Où Se Trouve Nettement Illustrée L'Idée Que Les Vraies Amours Ne Marchent Pas Comme Sur Des Roulettes



Le paisible isolement de Dingley Dell, la présence de tant de représentants du beau sexe, et la sollicitude et l'anxiété dont ces dames faisaient preuve à son propre sujet, autant d'éléments favorables à la croissance et au développement de ces tendres sentiments que la nature avait solidement implantés dans le cœur de Mr Tracy Tupman, et qui paraissaient désormais destinés à se concentrer sur un seul objet adorable. Les jeunes filles étaient jolies, elles avaient des manières charmantes, des caractères irréprochables ; mais il y avait chez la tante célibataire une dignité d'allure, un ne-m'approchez-pas de la démarche, une majesté du regard, auxquels, à leur âge, elles ne pouvaient prétendre, et qui la distinguaient de toutes les femmes que Mr Tupman eût jamais contemplées.
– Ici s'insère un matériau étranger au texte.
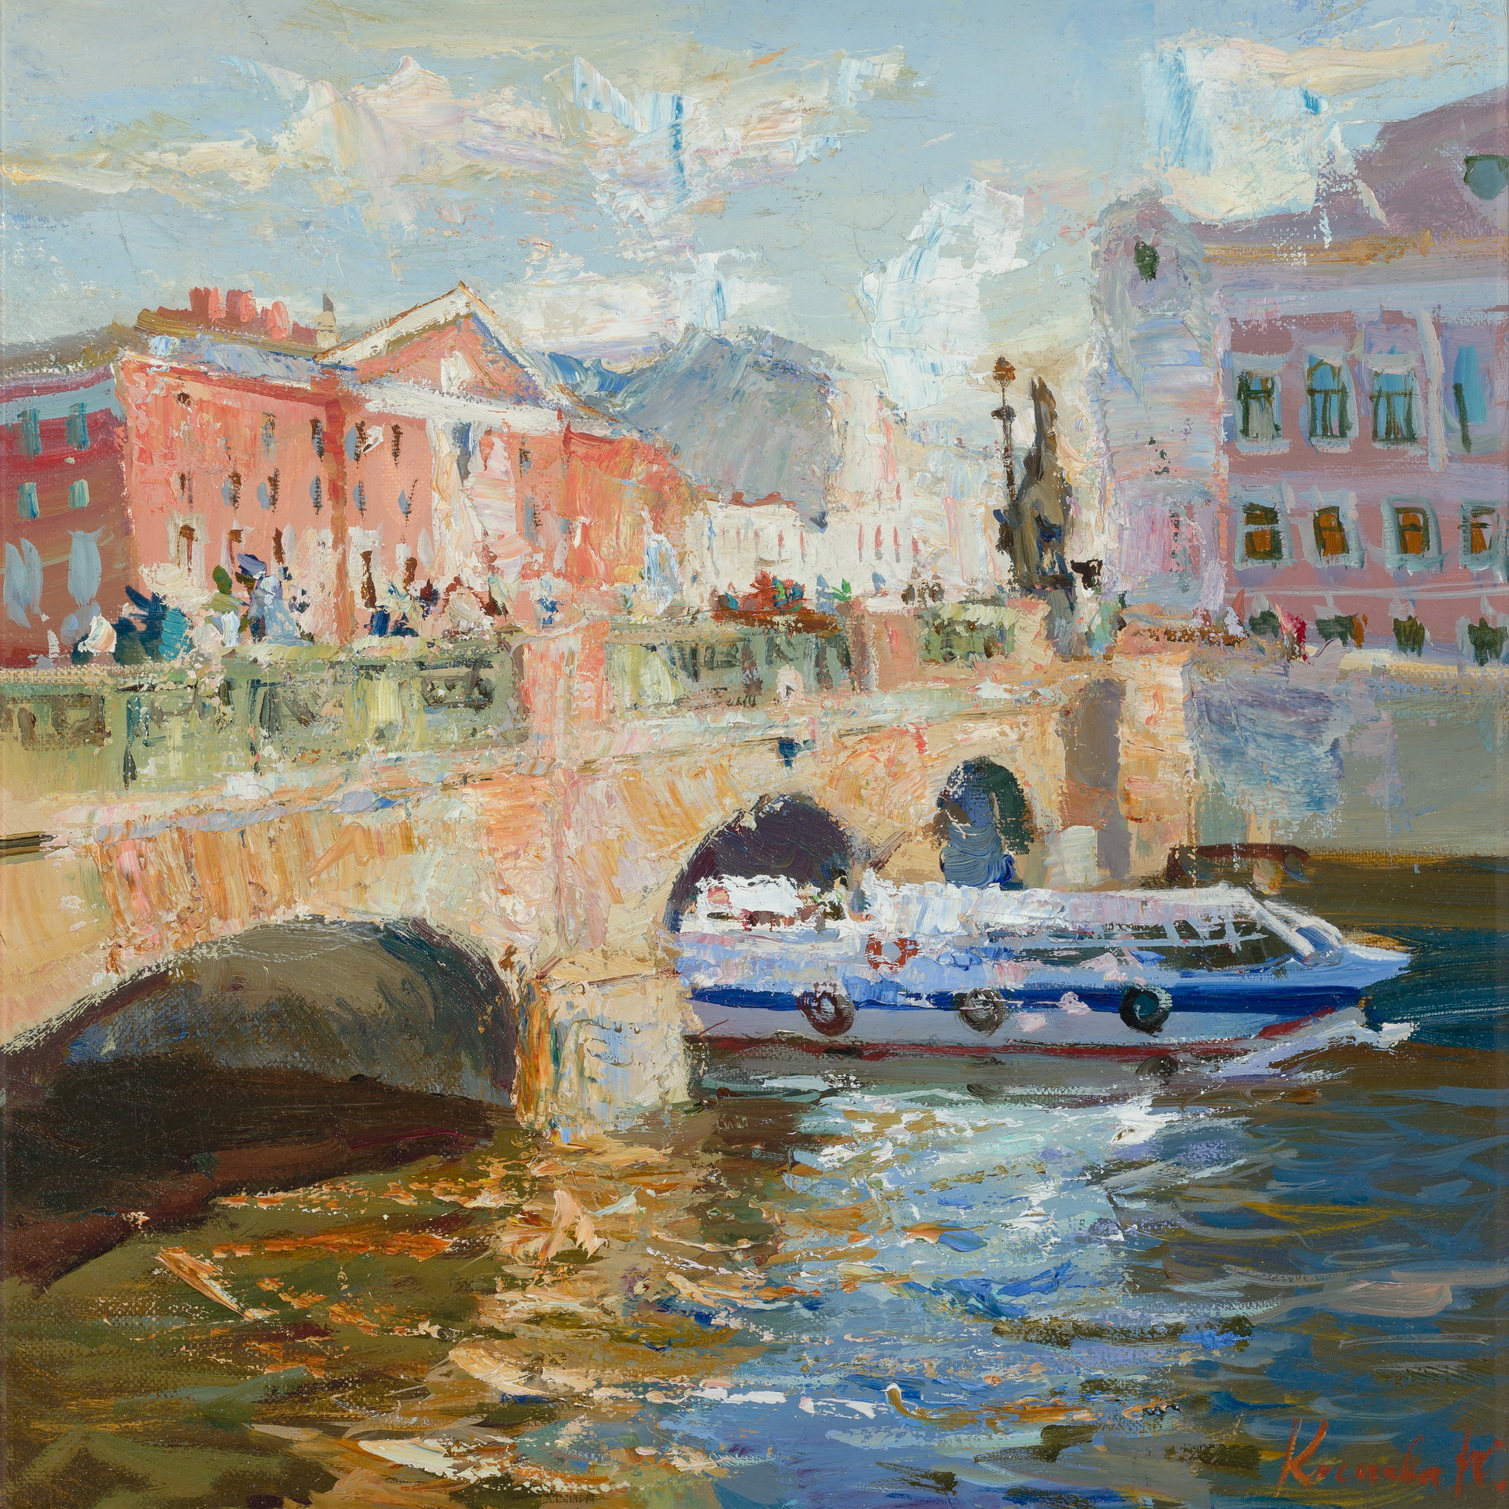 Anichkov Bridge - 1, Julia Kostsova, Buy the painting Oil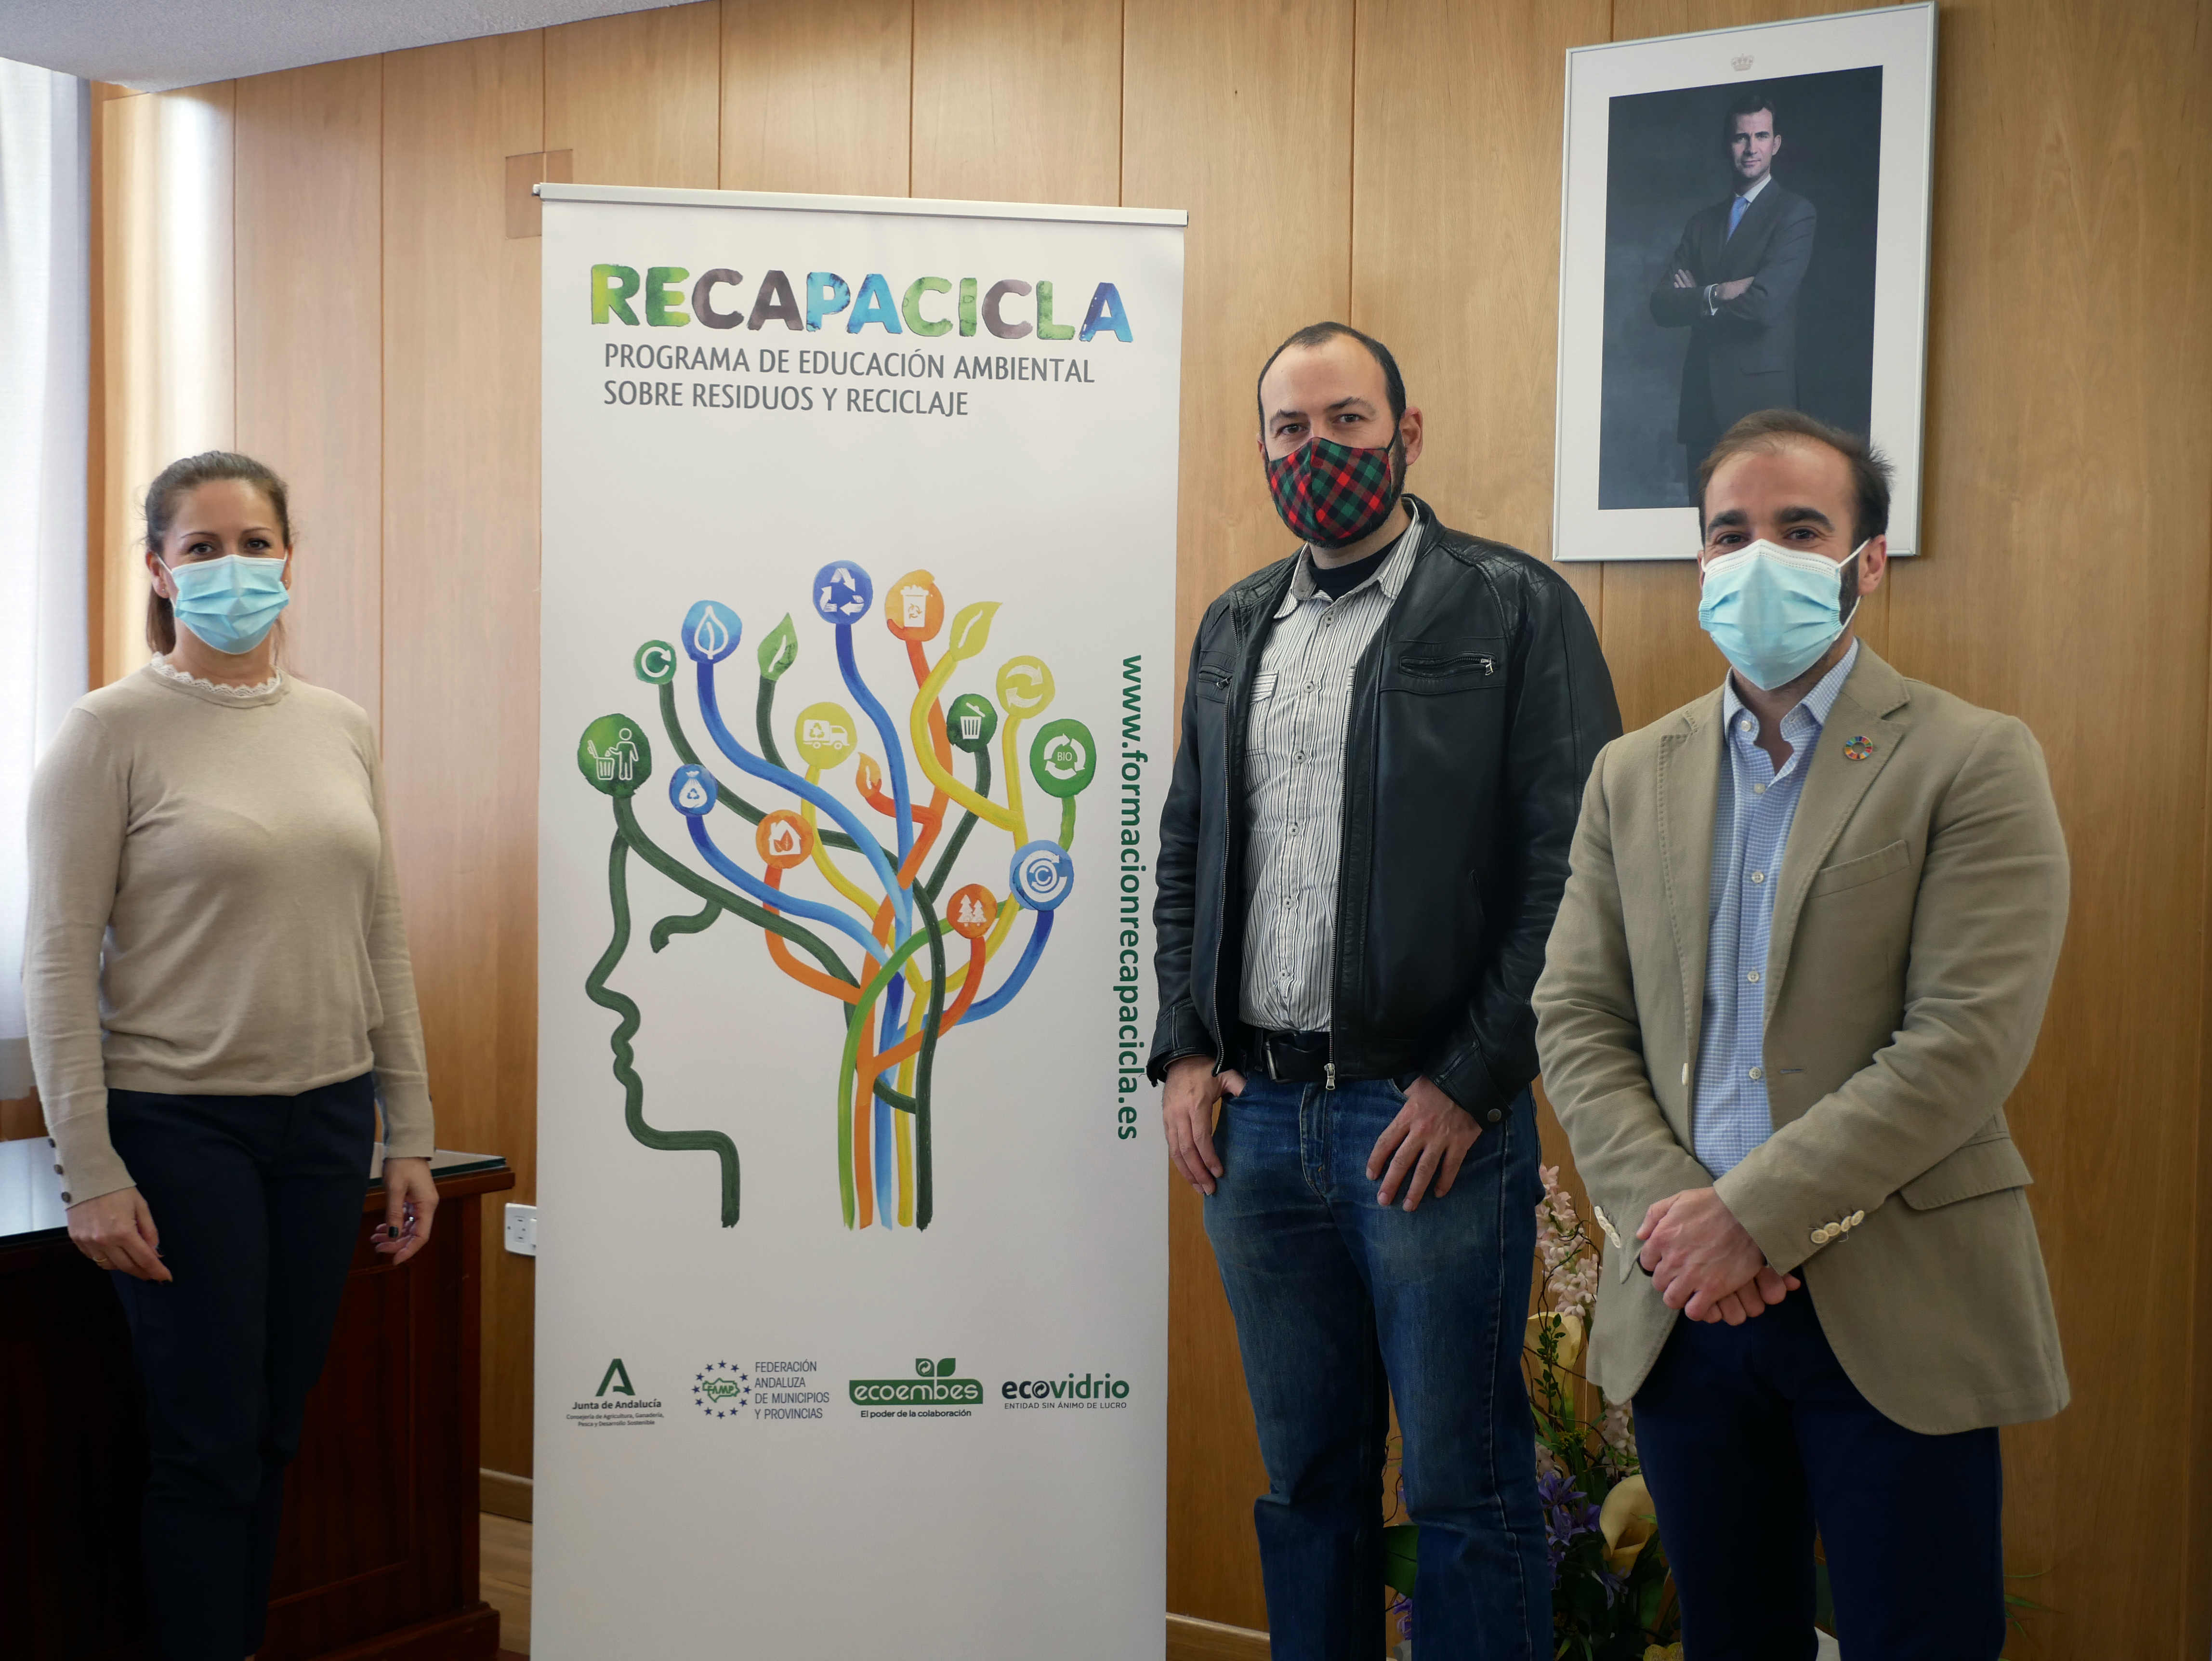 María Belén Feriche, Directora del Secretariado Campus Saludable de la UGR; Álvaro Ruiz Hidalgo, coordinador del Programa RECAPACICLA; y Víctor Vázquez, técnico de Ecoembes, una de las entidades que organizan el Programa RECAPACICLA.

Il était manifeste qu'il existait entre eux une parenté de nature, une sympathie des âmes, une entente mystérieuse des cœurs. Son nom fut le premier qui vint aux lèvres de Mr Tupman, étendu sur l'herbe après sa blessure ; et son rire hystérique fut le premier son qui parvint à son oreille quand on l'eut reconduit à la maison. Mais cette émotion avait-elle procédé d'une aimable sensibilité féminine qui eût été tout aussi irrépressible en d'autres circonstances, ou bien avait-elle été suscitée par quelque sentiment plus ardent, plus passionné, que lui seul, à l'exclusion de tout autre mortel, pouvait faire naître en son sein ? Tels étaient les doutes qui lui torturaient l'esprit tandis qu'il restait allongé sur le sofa ; tels étaient les doutes qu'il décida de dissiper immédiatement et pour toujours.

Le soir était venu. Isabel
et Emily se promenaient avec Mr Trundle ; la vieille dame sourde s'était endormie dans son fauteuil ; le ronflement du gros garçon, bruit sourd et monotone, s'échappait de la lointaine cuisine ; les avenantes soubrettes s'attardaient près de la porte de service, pour goûter l'agrément de l'heure et le plaisir de coqueter dans un style rudimentaire avec certains animaux pesants qui faisaient partie du personnel de la ferme ; et c'est ainsi que ces deux êtres aimables restaient seuls sans que personne se souciât d'eux, ne se souciant eux-mêmes de personne et ne songeant qu'à eux-mêmes ; bref, ils restaient là, comme une paire de gants de chevreau soigneusement pliés et dédiés l'un à l'autre.

- "J'ai oublié mes fleurs," dit la tante célibataire.

- "Arrosez-les maintenant," dit Mr Tupman sur un ton persuasif.

- "Vous allez prendre froid dans l'air du soir," dit la tante célibataire avec un affectueux empressement.

- Mais non," dit Mr Tupman qui se leva ; "cela me fera du bien. Permettez-moi de vous accompagner."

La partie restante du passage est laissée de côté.